O caso apontado do aluno lento caso distinto do caso do aluno considerado indisciplinado,
porque o aluno lento, antes de ser indisciplinado, é um aluno com problemas de aprendizagem
causado por um déficit de estímulo, ao passo que o aluno indisciplinado seria indisciplinado por
uma espécie de opção. Apesar disso, ambos os exemplos de categorias configuram situações de
desafio para o professor em sala de aula porque carregam o peso do encontro improvável na
instituição escolar.
Acreditamos, no entanto, que a indisciplina é uma espécie de reação à própria instituição
escolar que poderia ser pensada a partir da discussão que Durkheim (p.73, 2003) propõe sobre o
crime. Segundo ele, o crime é “necessário, ele está ligado às condições fundamentais de toda vida
social, e por isso mesmo, é útil; pois as condições de que ele é solidário são elas mesmas
indispensáveis à evolução normal da moral e do direito”, porque “com efeito, o crime não é senão
uma antecipação da moral por vir, um encaminhamento em direção ao que será”. Portanto a
indisciplina, assim como o crime, considerada como socialmente reprovável, tem sua relevância
para que se possa buscar nela as razões para sua existência permitindo que a própria instituição
escolar seja reconsiderada em seu funcionamento e estrutura.

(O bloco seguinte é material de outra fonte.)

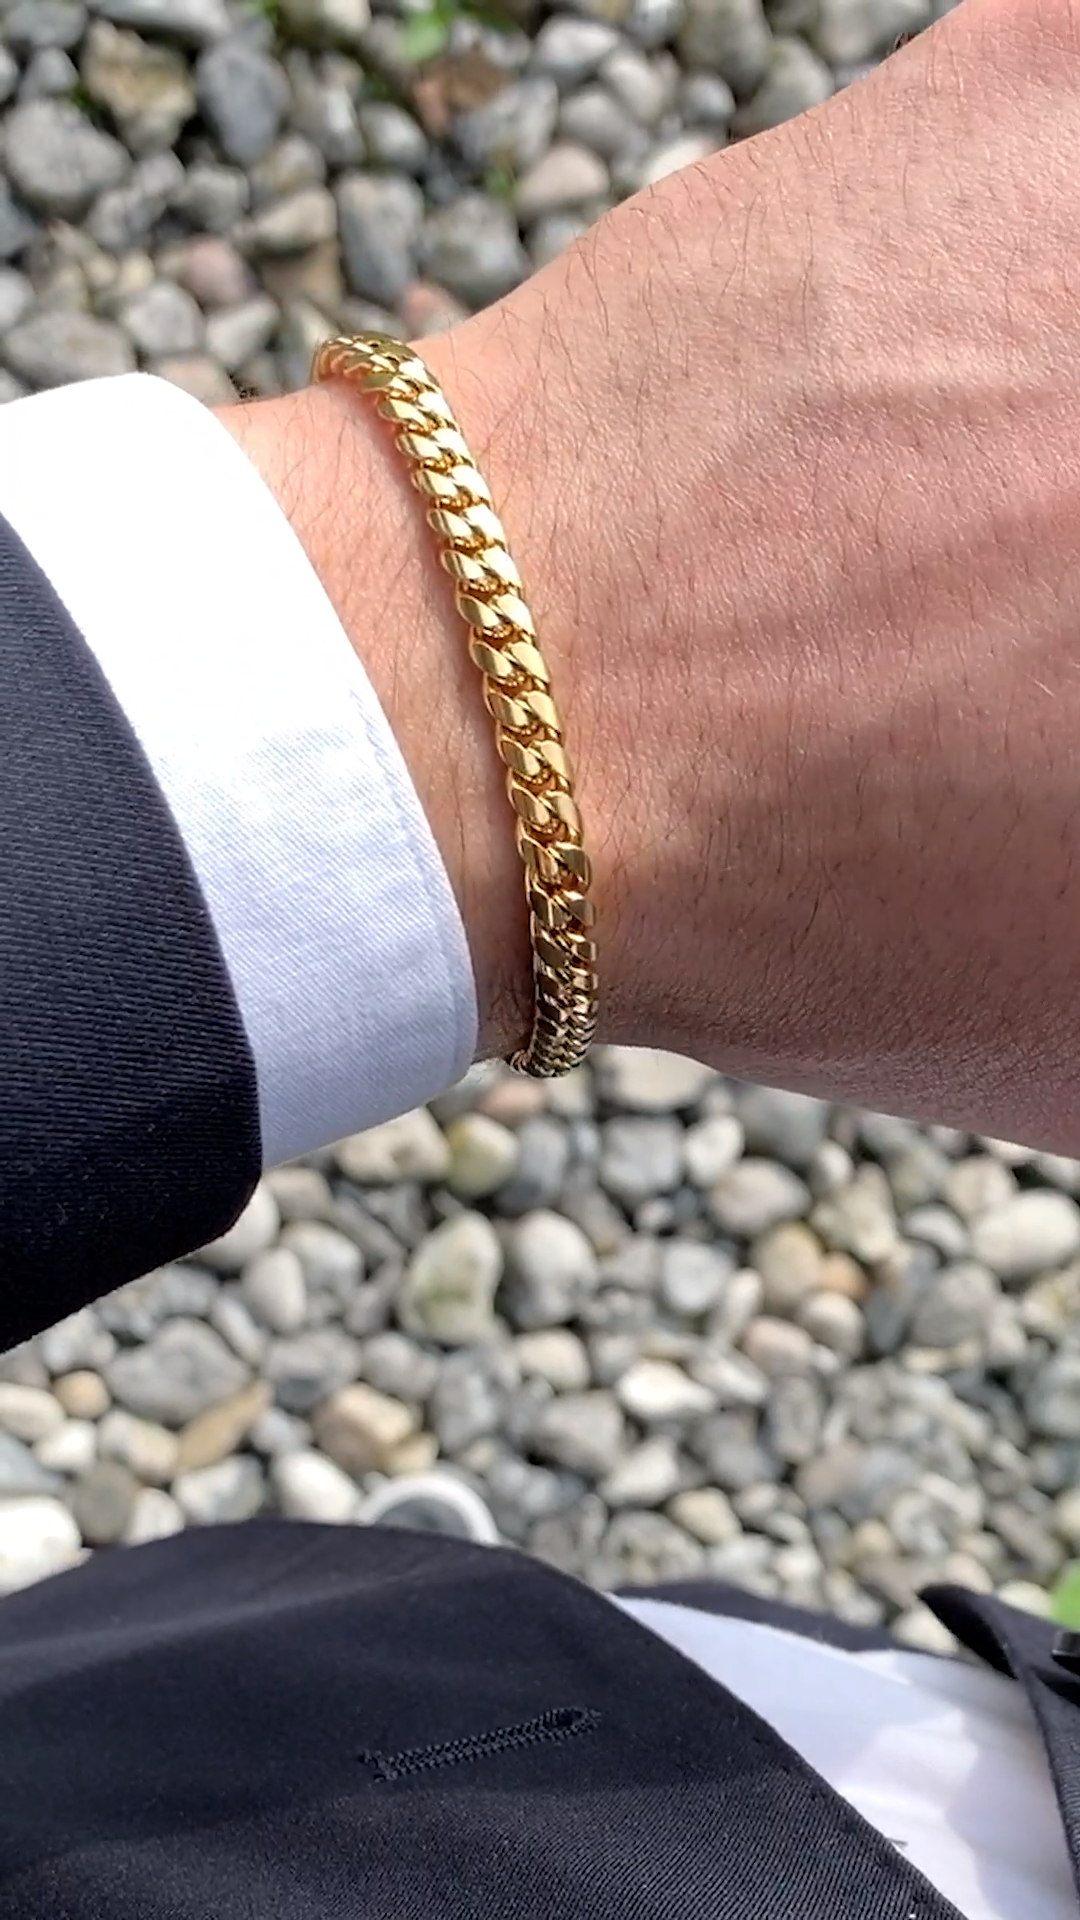 6mm Gold Tone Chain Bracelet In Stock Fort Tempus Video Video Mens Bracelet Gold Jewelry Mens Gold Bracelets Mens Gold Jewelry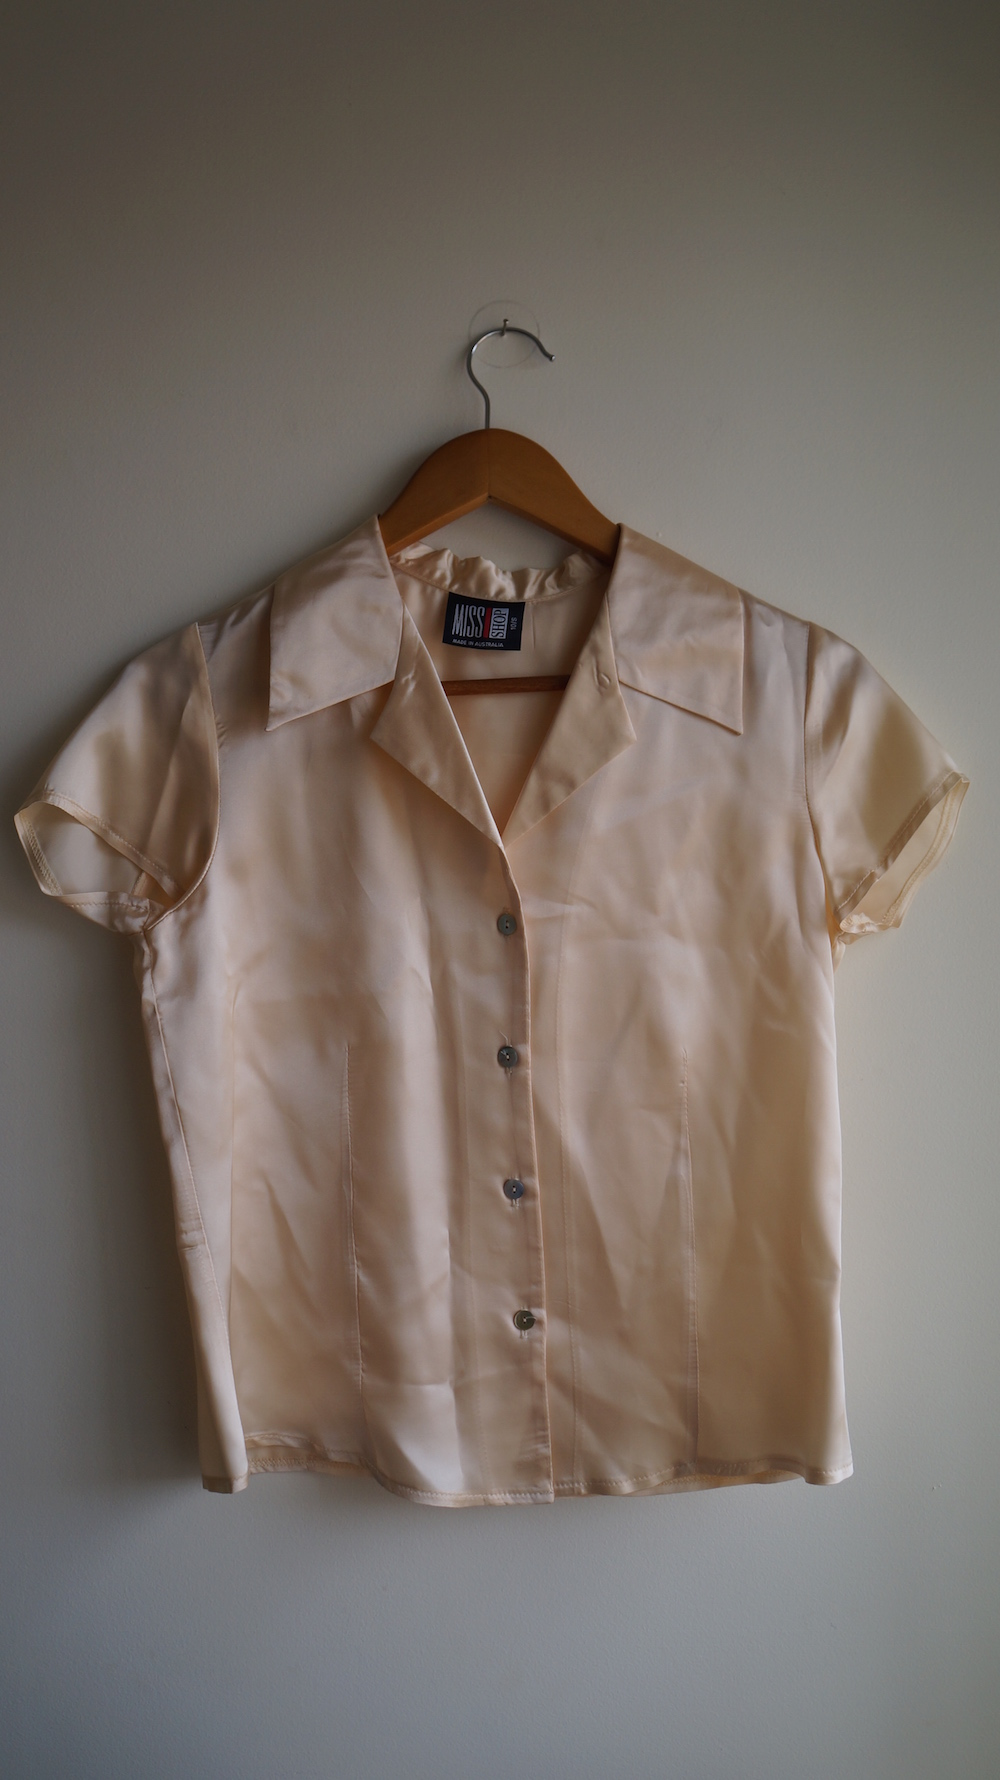 84e577d01 Miss Shop Silk Peach Cream Ivory Short Sleeve Collared Button ...

Já a discussão desenvolvida por Michel Foucault em Microfísica do Poder (1979) oferece a
possibilidade de se pensar o poder disciplinar como um novo tipo de poder, que “não pode mais
ser transcrito nos termos de soberania”, porque seu discurso, que não é o discurso do direito, é
“alheio ao [discurso] da lei e da regra enquanto efeito da vontade soberana”. O poder disciplinar
“apóia-se mais nos corpos e seus atos do que na terra e seus produtos (...) É um tipo de poder que
se exerce continuamente através da vigilância”. E o poder, para poder exercer-se nos mecanismos
sutis dos instrumentos de acumulação e formação do saber, “é obrigado a formar, organizar e por
em circulação um saber, ou melhor, aparelhos de saber que não são construções ideológicas”.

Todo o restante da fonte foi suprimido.